__The data__
----------------------------------------
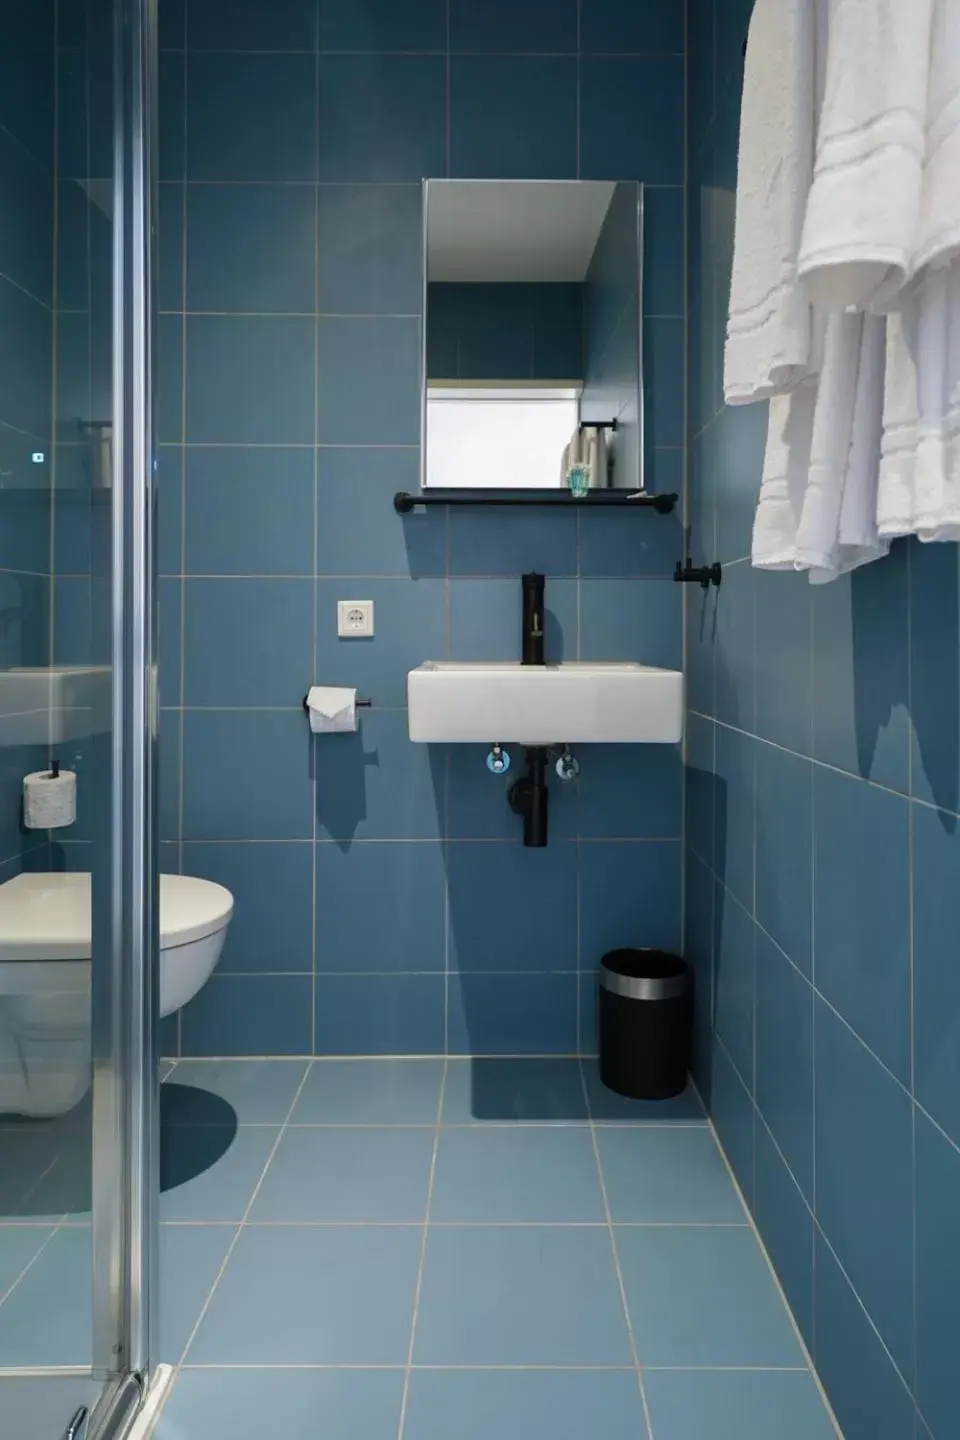 Bathroom in Amistad hotel
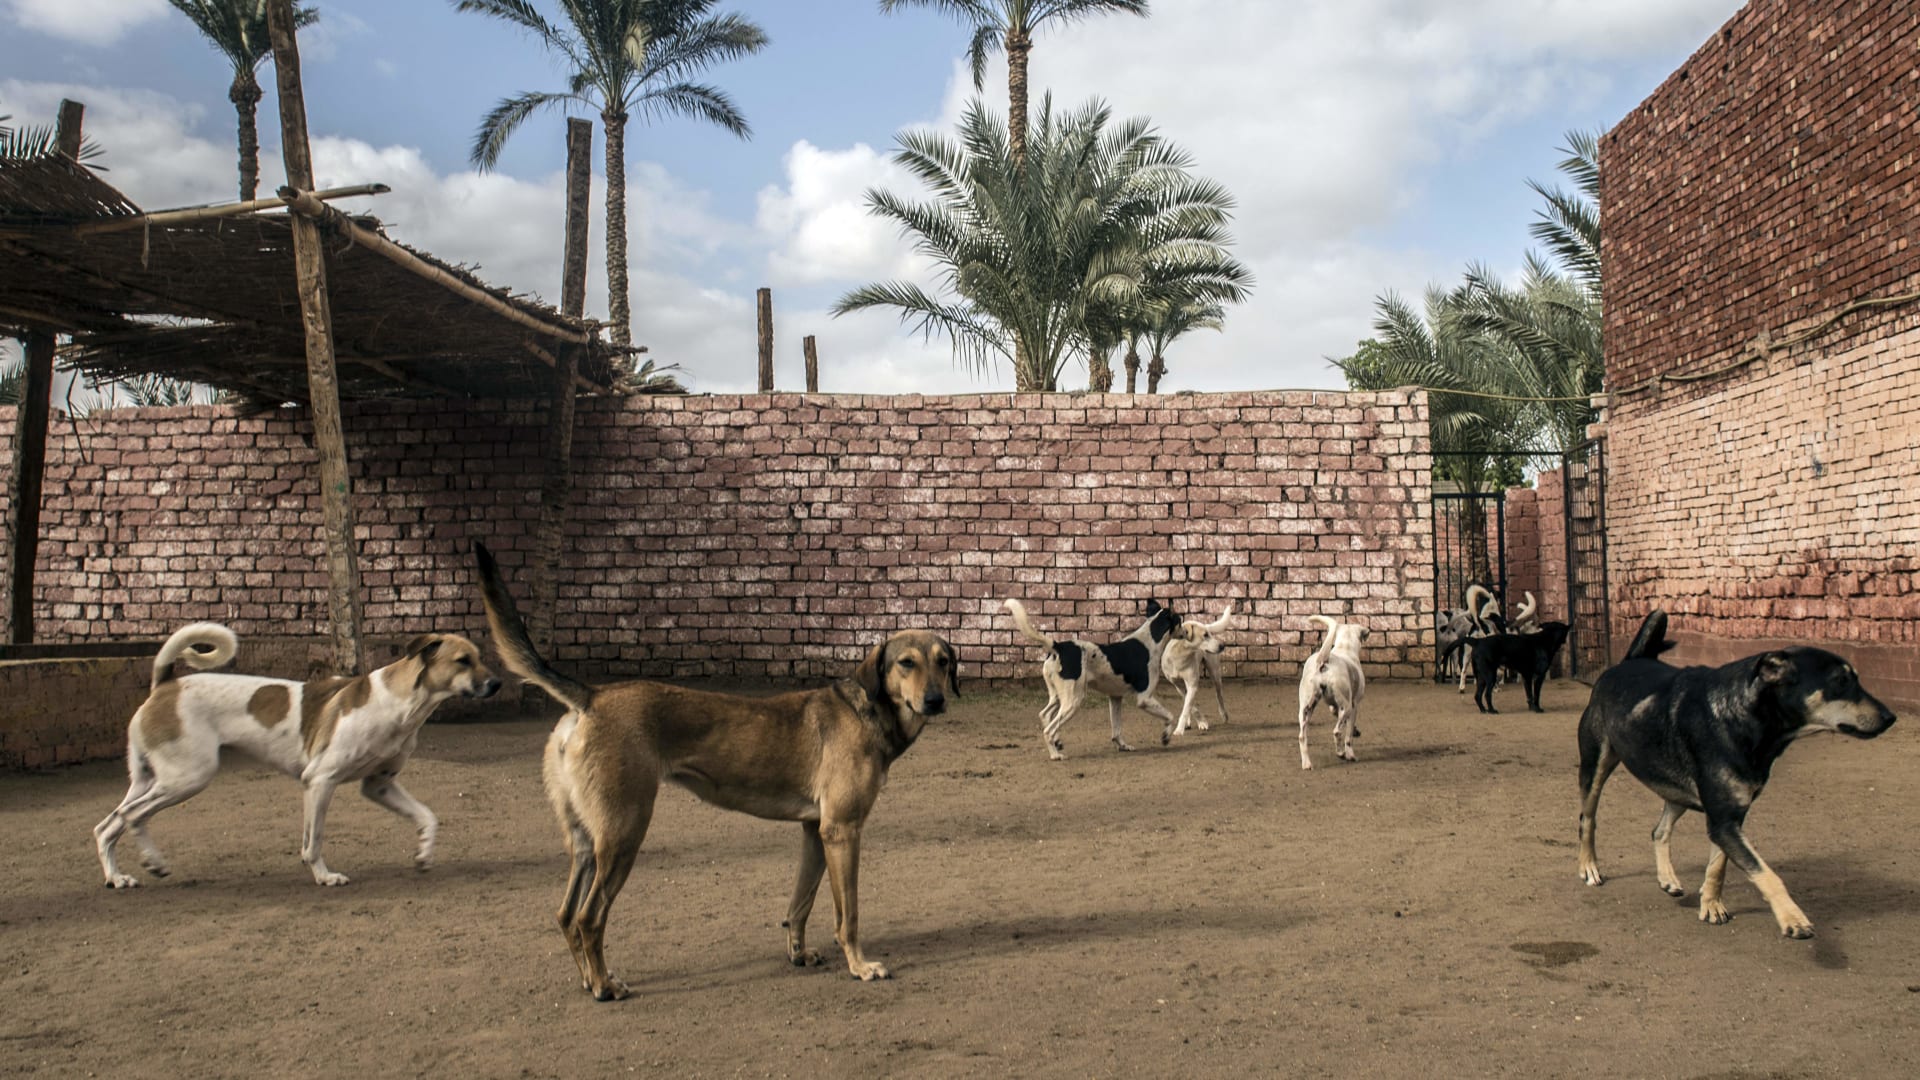 كيف ستتصدى مصر بالقانون لظاهرة حيازة الحيوانات الخطرة؟.. خبراء يجيبون
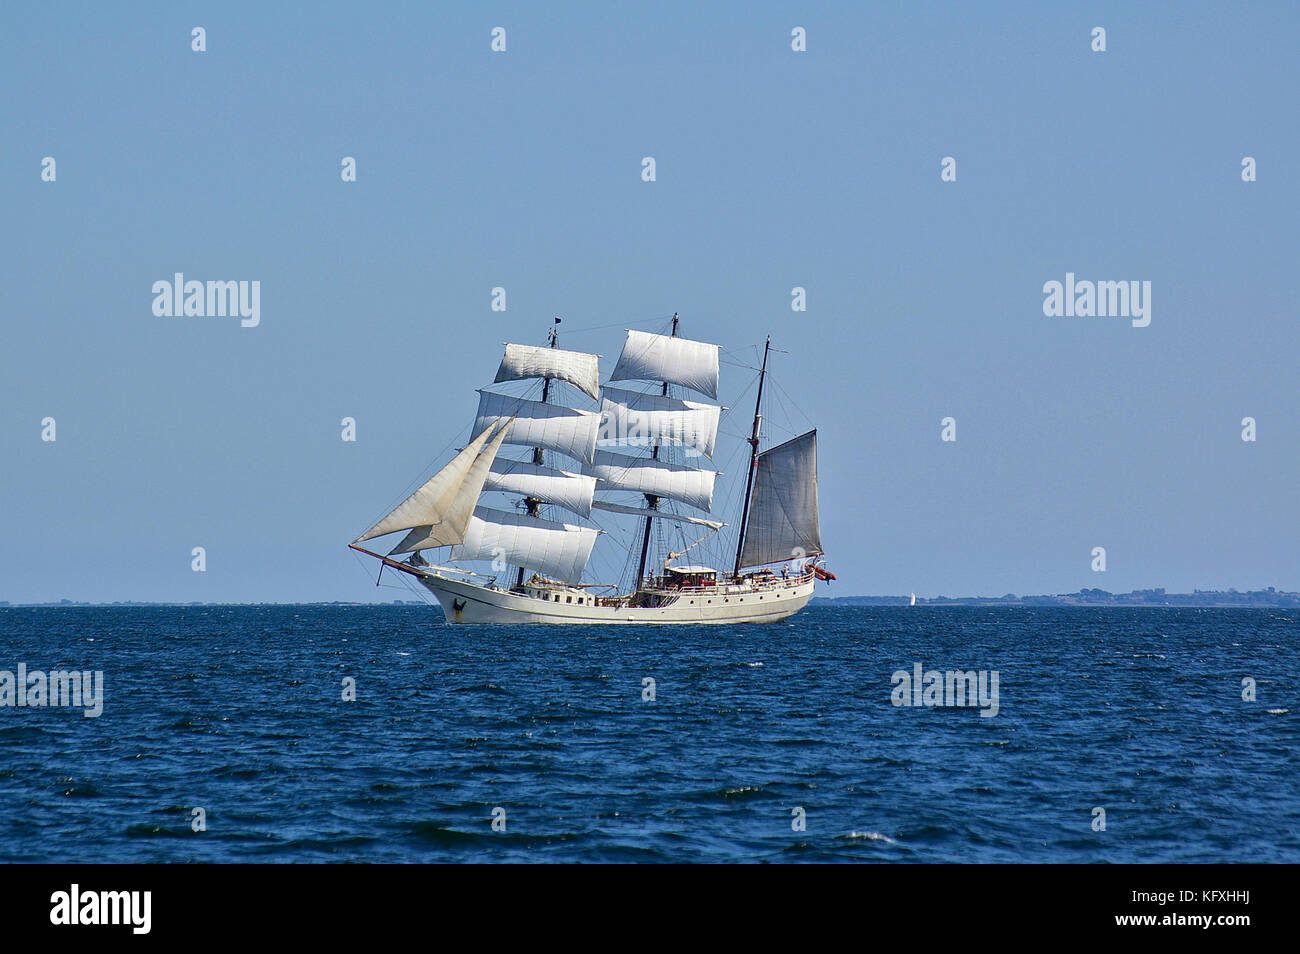 Piazza-truccate white nave a vela in mare con un lontano shore nel lontano sullo sfondo Foto Stock
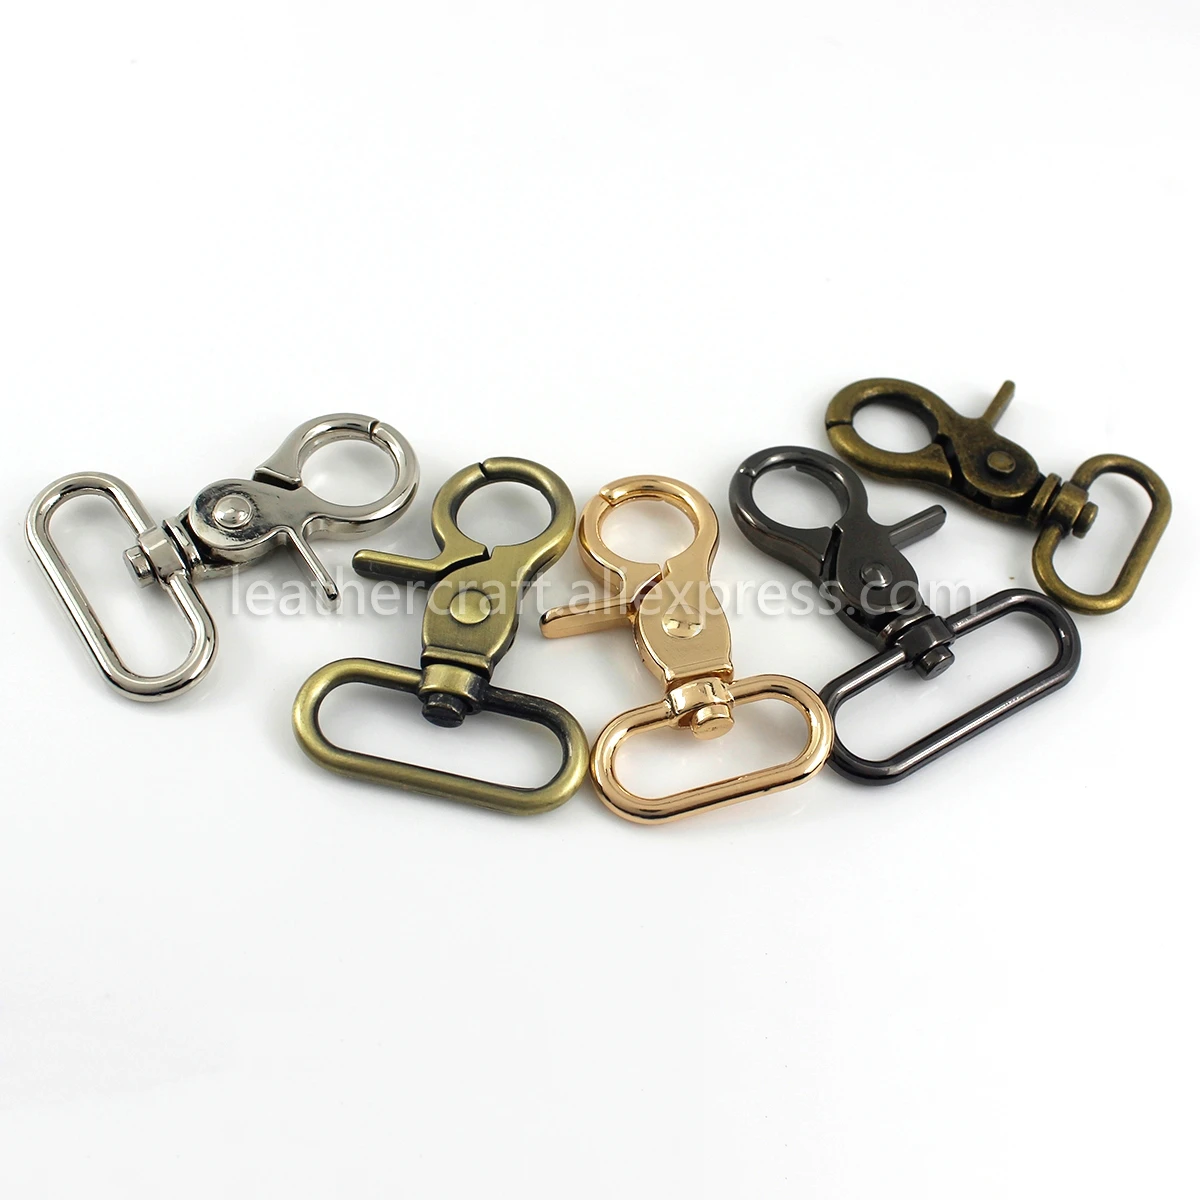 1pcs Metal Snap Hook Trigger Lobster Clasps Clips Oval Ring Spring Gate Leather Craft Pet Leash Bag Strap Belt Webbing
----------------------------------------
Keep the pictures out of your copy. Copy only the lines from the line that holds "Piazza-truccate white nave" through the last line of the listing above, both included.

__Solution for this task__
 Piazza-truccate white nave a vela in mare con un lontano shore nel lontano sullo sfondo Foto Stock
 1pcs Metal Snap Hook Trigger Lobster Clasps Clips Oval Ring Spring Gate Leather Craft Pet Leash Bag Strap Belt Webbing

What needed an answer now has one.